For some subjects, it's appropriate to host multiple versions of articles written natively in different languages.

But for other subjects, for example science and mathematics, it does a huge disservice to non-English readers: it means that their Wikipedia is second-rate, or worse.

Wikipedia should, in science, mathematics, and other subjects that do not have cultural inflection, use machine translation so that all articles in all languages are translations of the same underlying semantic content.

It would still be written by humans. But ML / LLMs would be involved in the editing pipeline so that people lacking a common language can edit the same text.

This is the biggest mistake Wikipedia's made IMO: it privileges English readers since the English content is highest quality in most areas that are not culturally specific, and I do not think that it's an organization that wants to privilege English readers.

Users can already translate English Wikipedia articles to other languages on the fly with Chrome etc.
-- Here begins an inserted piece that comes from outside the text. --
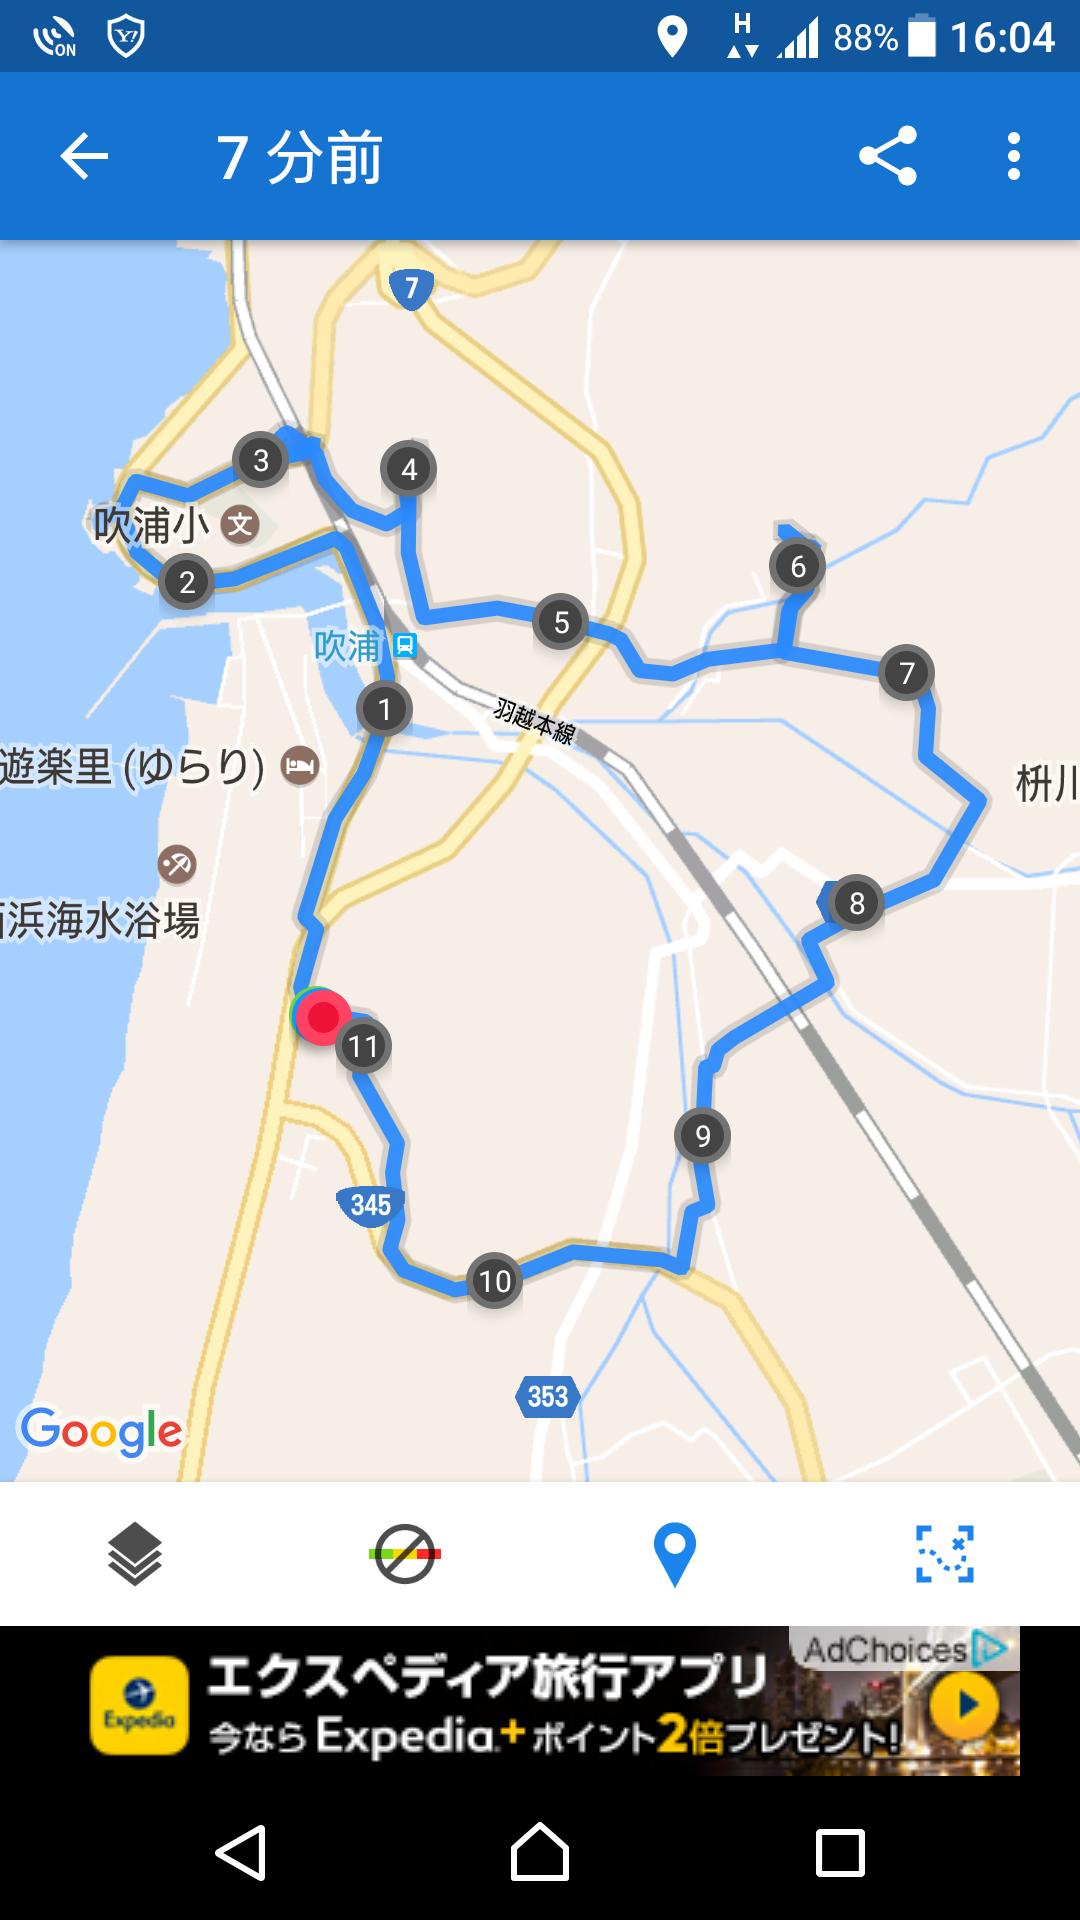 f:id:ynakayama27:20170612165445p:plain

However, the quality of the translation is just not up to scratch yet, particularly for languages that are radically different from English; just try reading some ML-translated Japanese or Chinese Wikipedia articles.

Science and Mathematics have no cultural inflection? Do you speak more than one language? Each language has its standard sentences structures when it comes to these disciplines, and auto translators are very much not up to the task.

I prefee my Wikipedia to remain 100% human generated quality information over garbage AI slop content, which is already abundant enough on the internet.